What can I do to get a better mark in translation?

Translation is a tricky business, endlessly requiring perfection and fine-tuning. However, in the confines of an exam translations sit between two extremes: literal, word-for-word translation which is more stilted; and more fluent translation in better English which is less tied down to the literal meaning of the text. Getting a good mark in an exam is about balancing your translation between these two extremes.

The first step is always to make sure you are confident with the grammar and vocabulary of the sentence. Before writing anything down, identify and parse every word and its position in the grammatical structure in the sentence. The result of this should be an accurate, literal translation. This will get you a good mark, but not a top one.

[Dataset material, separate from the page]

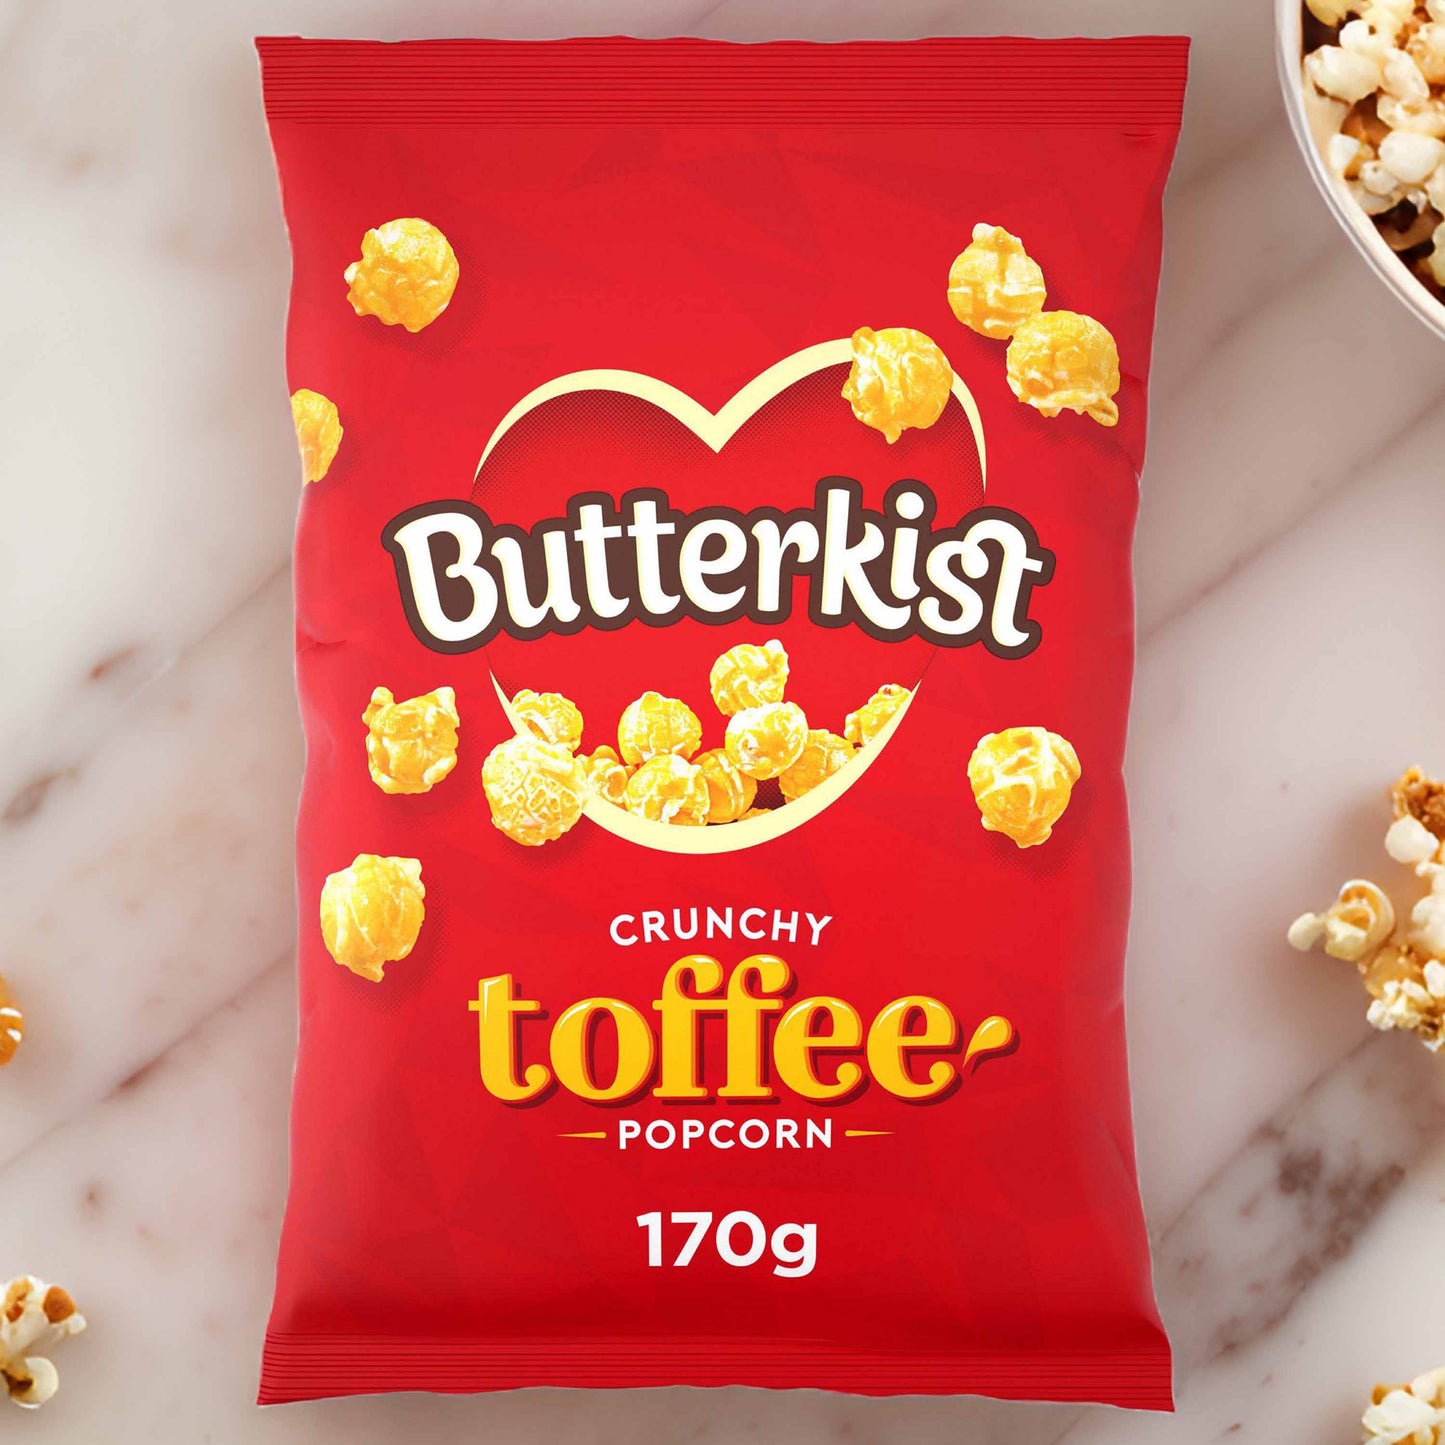 Butterkist Crunchy Toffee Popcorn - 170g - Classic British Popcorn

Then take a step back and look at the context of the sentence. Ask yourself: what is the passage about? Where is the passage leading? What is the tone of the passage? Try to find English language that mirrors the tone but also sounds better in English. This can also be done for the structure of the passage. For example, Latin and Greek’s tendency towards longer sentences can lead to awkwardly long sentences in a literal English translation – look for breakpoints where you can cut the longer sentence into several sentences in English.

One caveat to a free-flowing translation is that it must continue to demonstrate that you have understood every word and grammatical structure in the passage: you cannot go so far off-piste that you change the meaning of the original. As ever, practice makes perfect – the final tip is to do as much translation on as many different types of passage as you can. Good luck!